È l’ultima di nove fratelli. La sua è una famiglia di contadini, e anche Bruna, come i suoi genitori, lavora nei campi. All’interno dell’Azione cattolica matura la sua vocazione religiosa. Dopo l’arrivo di don Giuseppe Lunari nel suo paese, Bruna collabora con questi alla nascita di una nuova cellula di Ac e diventa Delegata beniamine, partecipando attivamente ai corsi di formazione. Non tralascia la santa messa anche nei giorni feriali, a volte andando fino a Sassuolo, dove la messa viene celebrata in un orario più adatto alle sue esigenze. Ama leggere le vite dei santi, in particolare santa Teresina di cui parla alle bambine e alle ragazze dell’Azione cattolica.
La vita le regala di tutto e di più: bellezza ed eleganza, buonumore e dolcezza, allegria e tanta pace. E anche l’amore, che sboccia sui diciassette anni, ma che sembra non soddisfare appieno la sua ricerca di un più grande amore. Come neppure la realizza la maternità adottiva di ben sei figli di cui a diciotto anni comincia a prendersi cura, in conseguenza della morte quasi contemporanea di due sue giovani cognate. In realtà, nel cuore di Bruna sta nascendo la vocazione religiosa, che la famiglia non contrasta in nome di quella fede solida in cui i figli sono stati educati e che lei riesce ad appagare a ventidue anni, entrando tra le suore terziarie francescane di sant’Onofrio a Rimini.
Per questo, a ventitré anni, parte per Rimini con l’intenzione di consacrarsi al Signore.
Nel 1941 veste l’abito delle suore Terziarie francescane di sant’Onofrio (oggi Francescane missionarie di Cristo).

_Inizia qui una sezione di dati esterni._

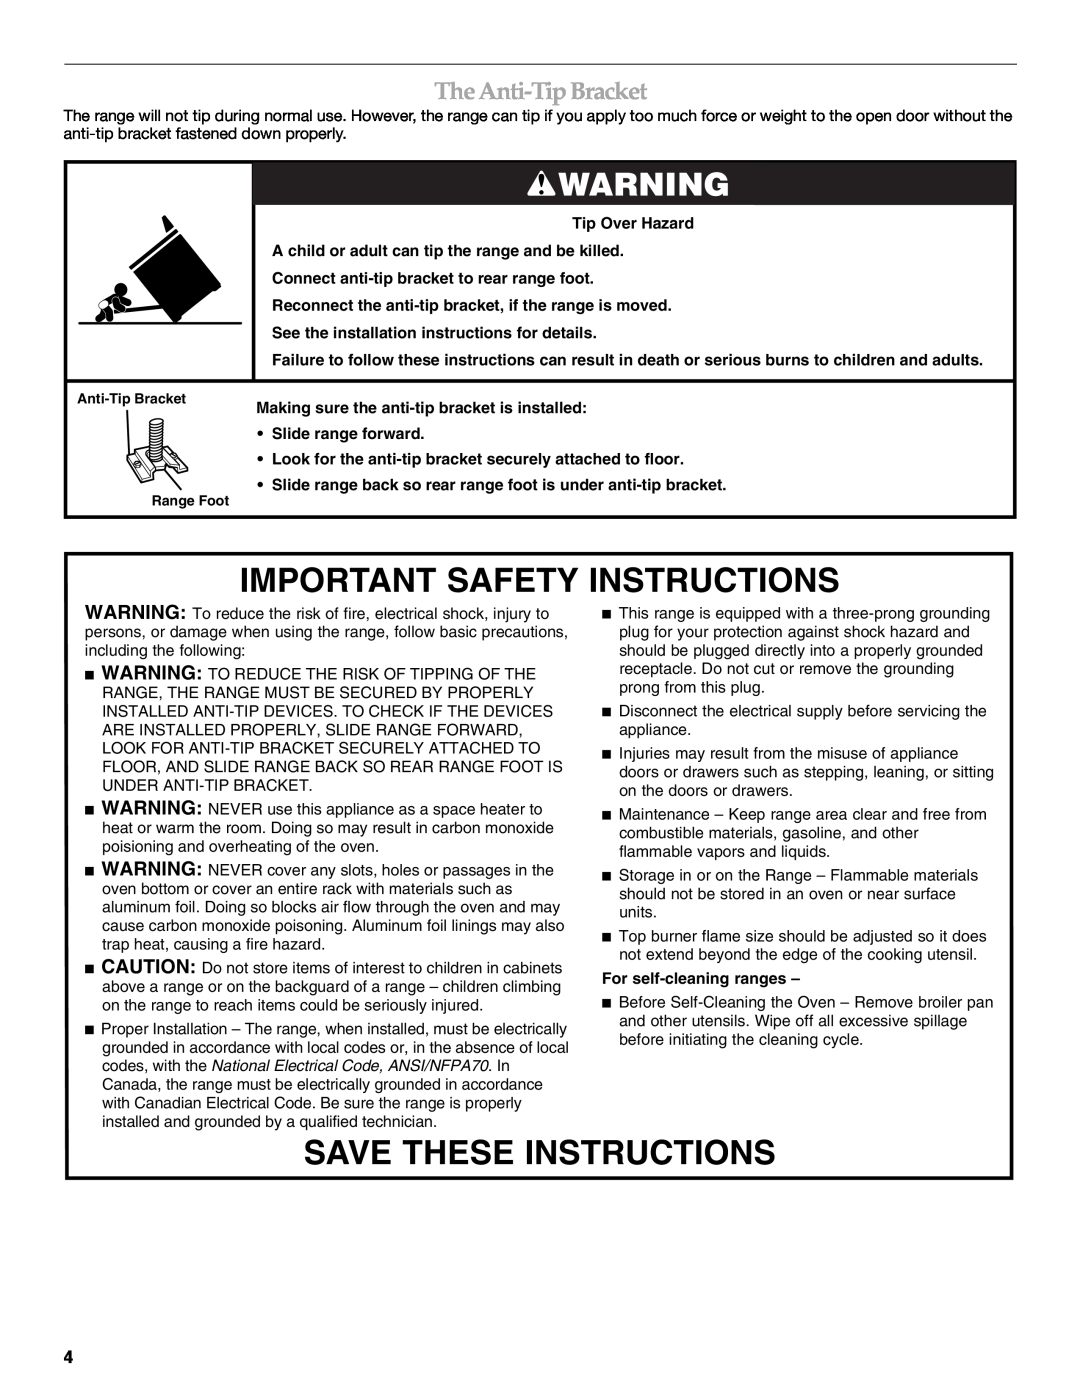 KitchenAid 9763457 Important Safety Instructions, Save These Instructions, The Anti-Tip Bracket, For self-cleaning ranges

Dopo il noviziato e i primi voti, con il nuovo nome di suor Maria Rosa si tuffa nella vita attiva della comunità di Sassuolo, proprio negli anni in cui infuria la guerra che semina distruzione e morte. «Vengo dalla campagna, sono abituata a lavorare», risponde a chi le suggerisce di risparmiarsi un po’ nella sua frenetica attività di apostolato. La svolta della sua vita arriva nel 1945, non solo perché è trasferita a Ferrara, ma soprattutto perché in quell’anno si manifestano in lei i sintomi della tubercolosi, che a novembre le spalancano le porte del sanatorio. Ha ventotto anni, solo cinque dei quali passati in convento; gliene restano altrettanti da vivere, ma tutti nella scomoda e dolorosa condizione di malata cronica, in una clausura non voluta, in un isolamento che tanto contrasta con il suo carattere, in una monotonia che rischia di tingere incessantemente di grigio i giorni, le settimane e gli anni. «Ho iniziato la mia vita sanatoriale piangendo, ma ho chiesto al buon Dio di terminarla cantando le sue misericordie». […] «Sia benedetto il Signore che mi concede la grazia di un pochino della sua santa croce e mi dà la grande grazia di portarla nella pace… Come dono, non come peso».
Trascorre tutti questi anni quasi interamente nei sanatori di varie città, con rare uscite nella vita normale delle suore. Dai sanatori invia molte lettere (quasi duemila) a consorelle, sacerdoti, laici, ammalati, esortandoli ad essere coraggiosi testimoni cristiani.
«Lo dico in un momento in cui non posso tradire… Quello che conta è amare il Signore. Sono felice perché muoio nell’amore, sono felice perché amo tutti», esclama il primo dicembre 1972, poco prima di chiudere gli occhi per sempre.
È stata beatificata il 29 aprile 2007, a Rimini.